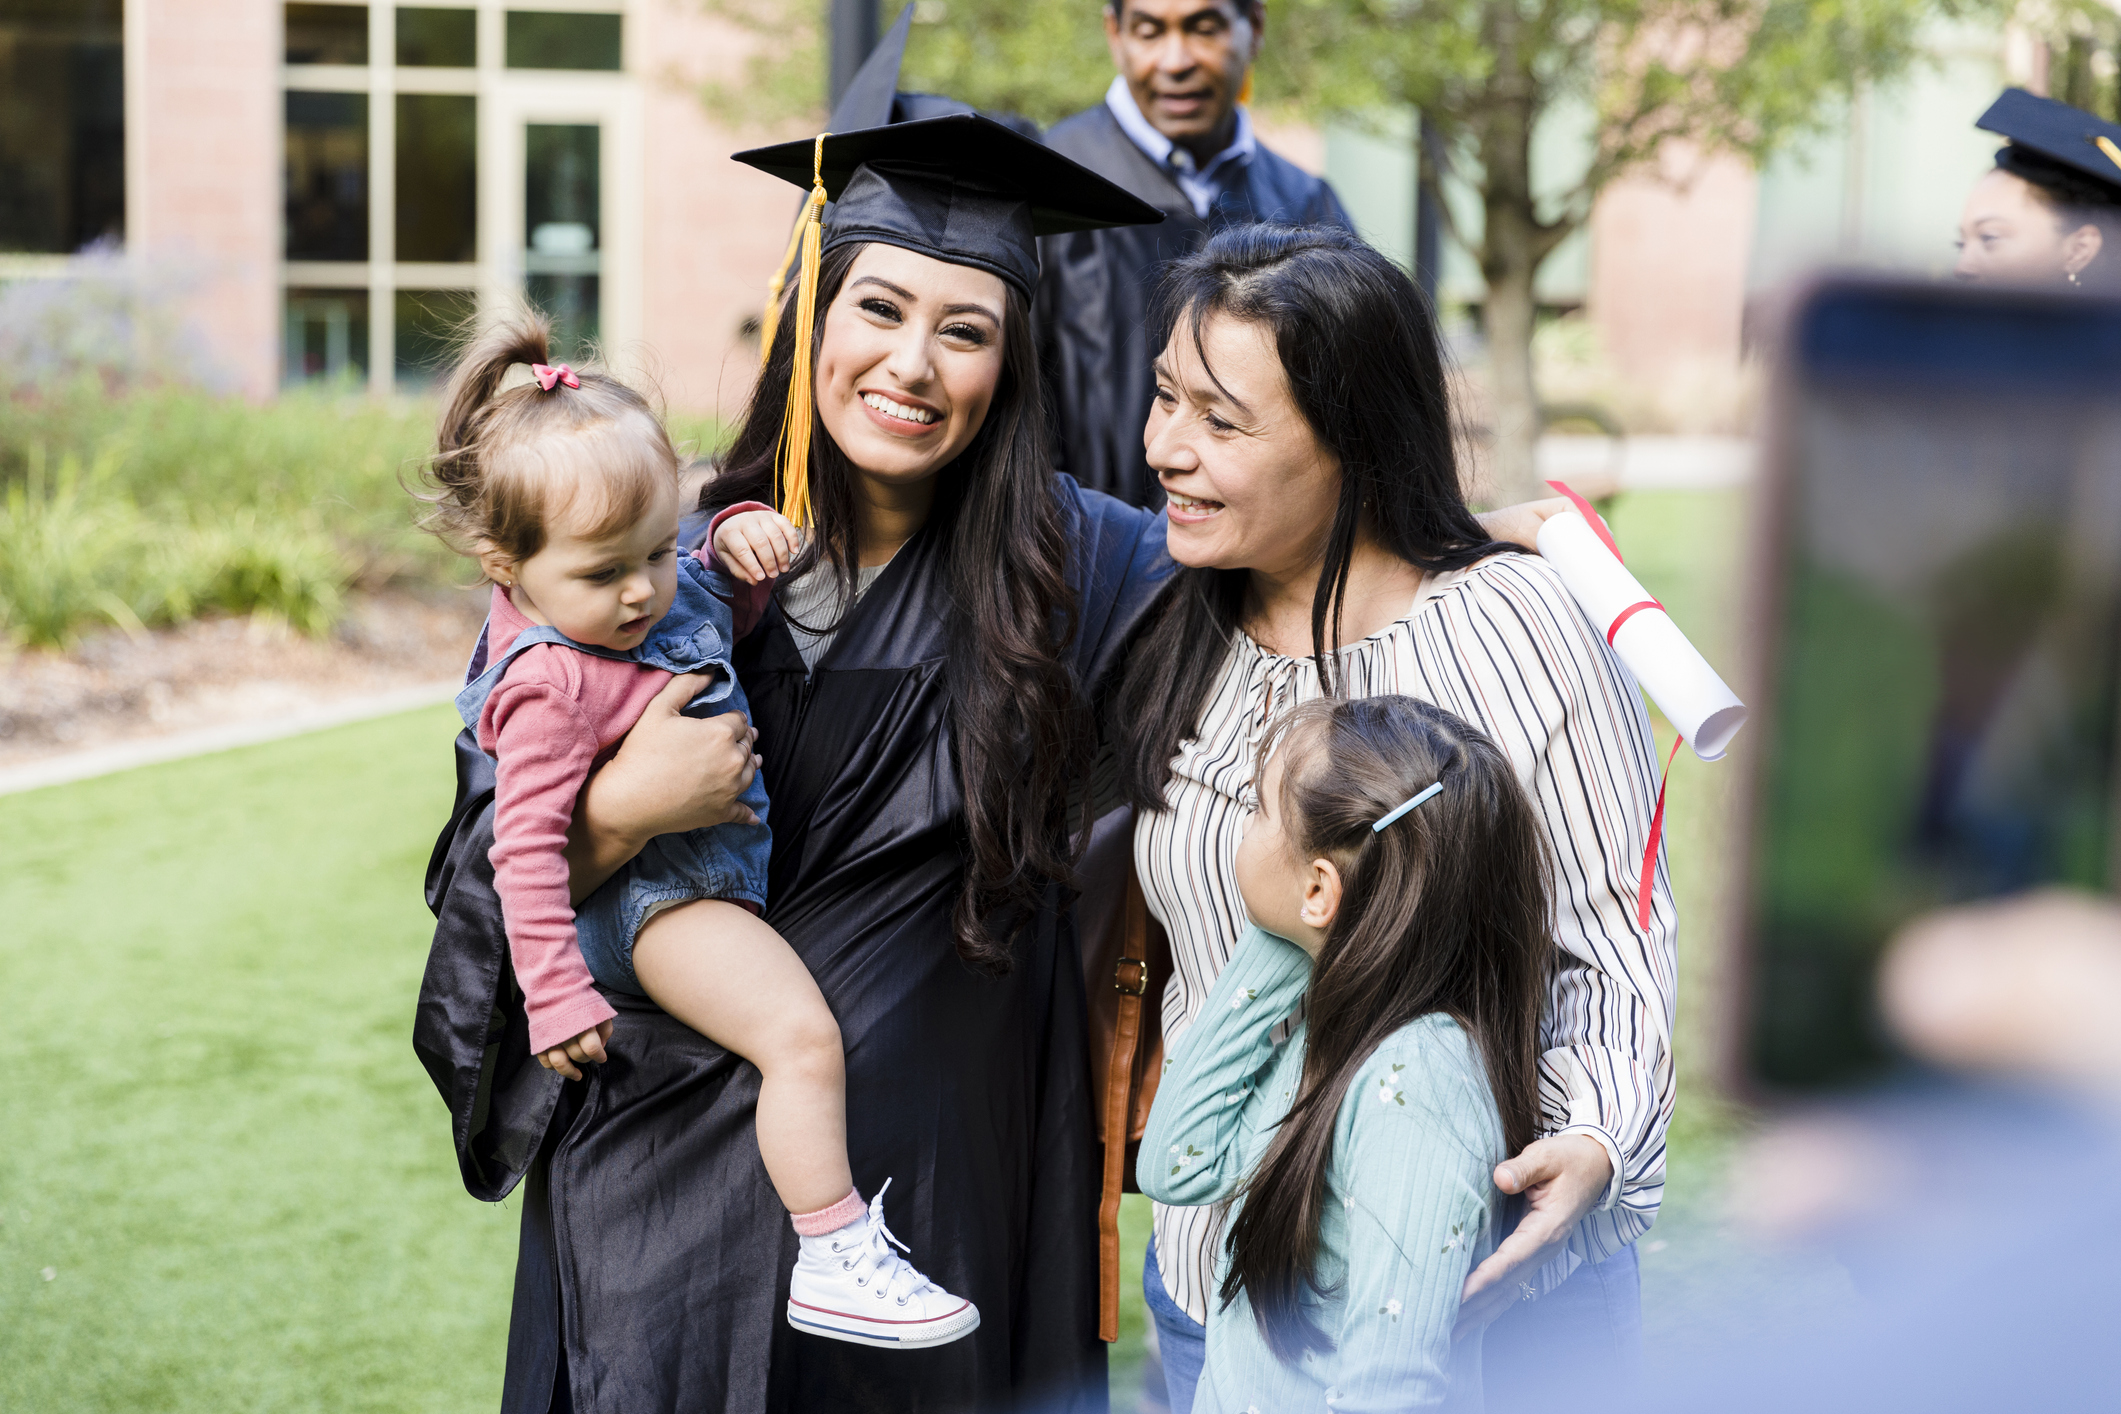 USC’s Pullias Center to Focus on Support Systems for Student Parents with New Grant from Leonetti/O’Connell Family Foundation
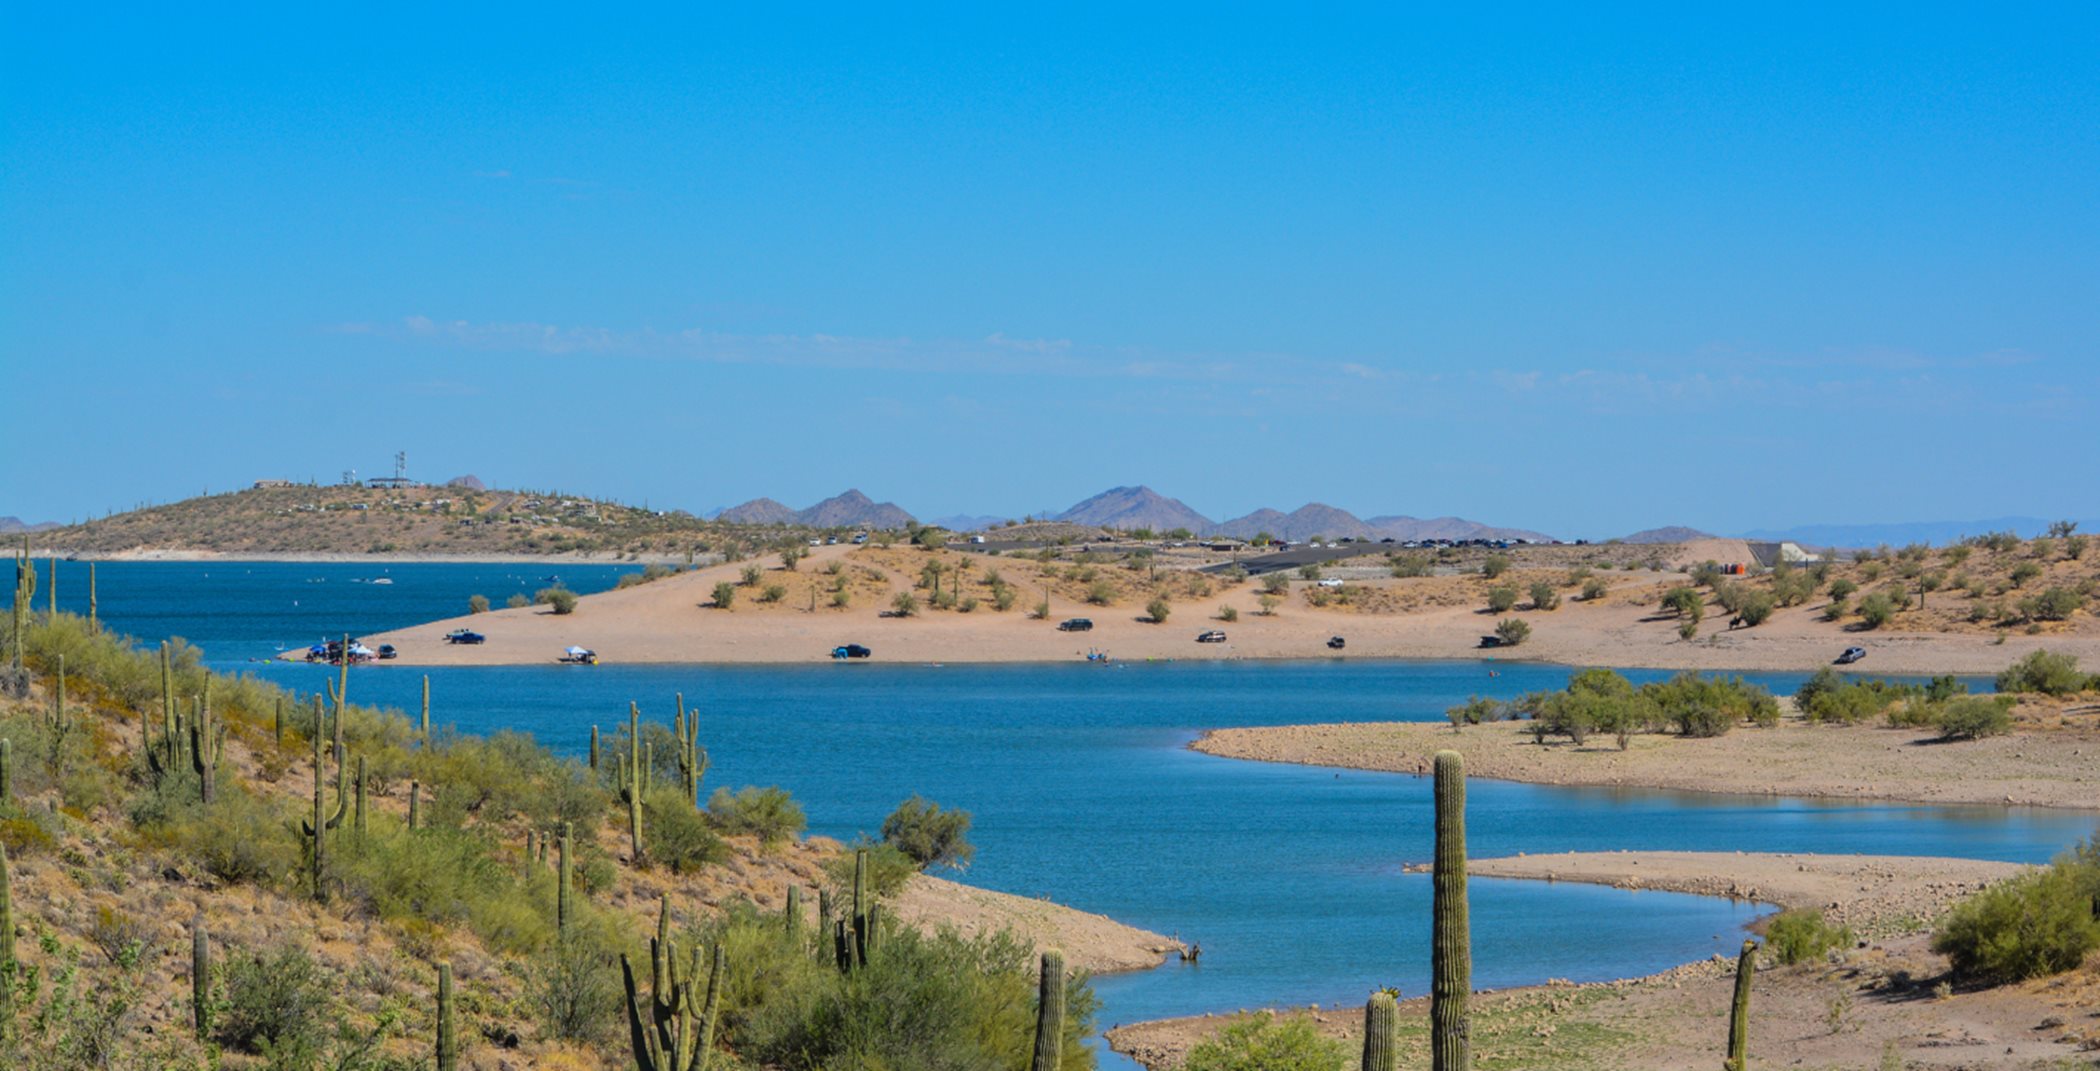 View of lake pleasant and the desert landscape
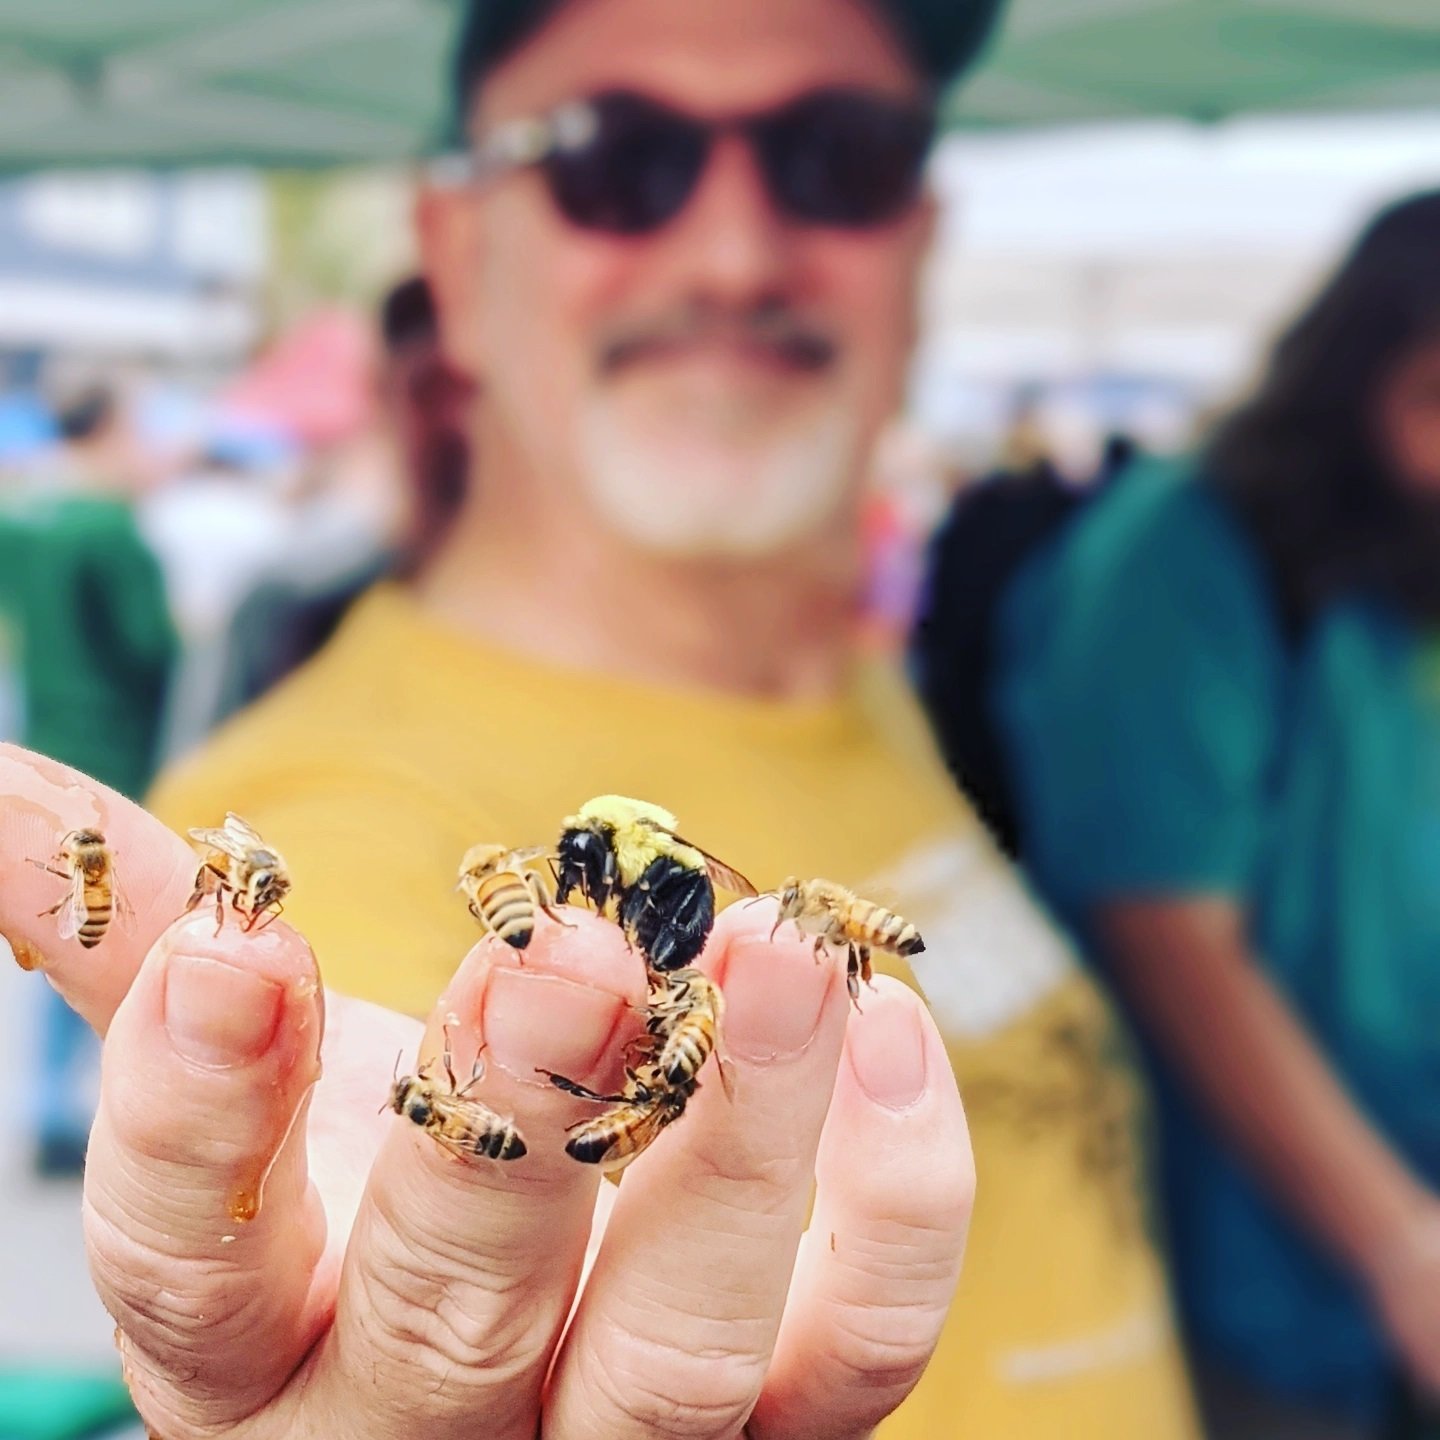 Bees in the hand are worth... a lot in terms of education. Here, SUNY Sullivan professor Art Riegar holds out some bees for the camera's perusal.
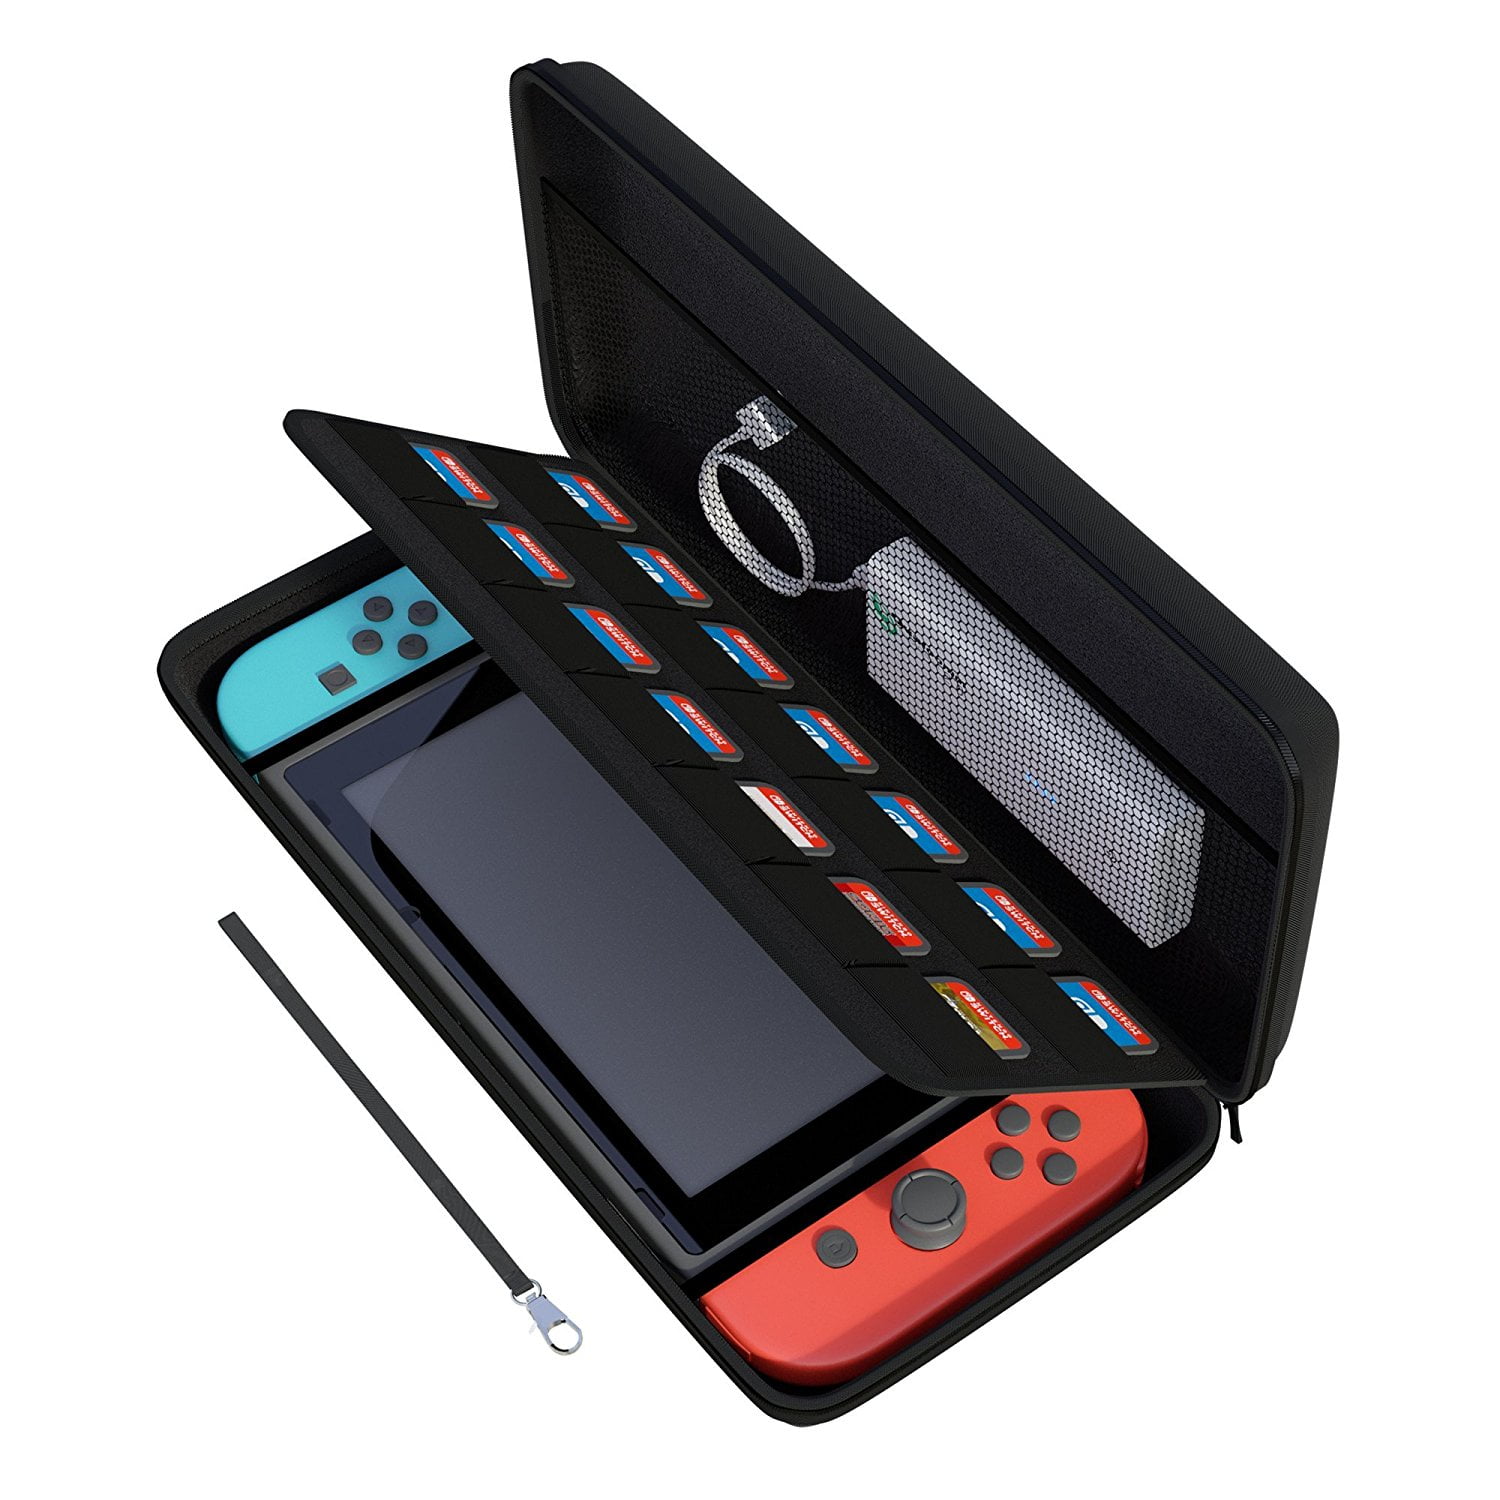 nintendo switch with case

TASK REQUIREMENTS ::
Line by line, write out the data above exactly, without the pictures.

RESULT FOR THIS EXERCISE ::
 USC’s Pullias Center to Focus on Support Systems for Student Parents with New Grant from Leonetti/O’Connell Family Foundation
 View of lake pleasant and the desert landscape
 Bees in the hand are worth... a lot in terms of education. Here, SUNY Sullivan professor Art Riegar holds out some bees for the camera's perusal.
 nintendo switch with case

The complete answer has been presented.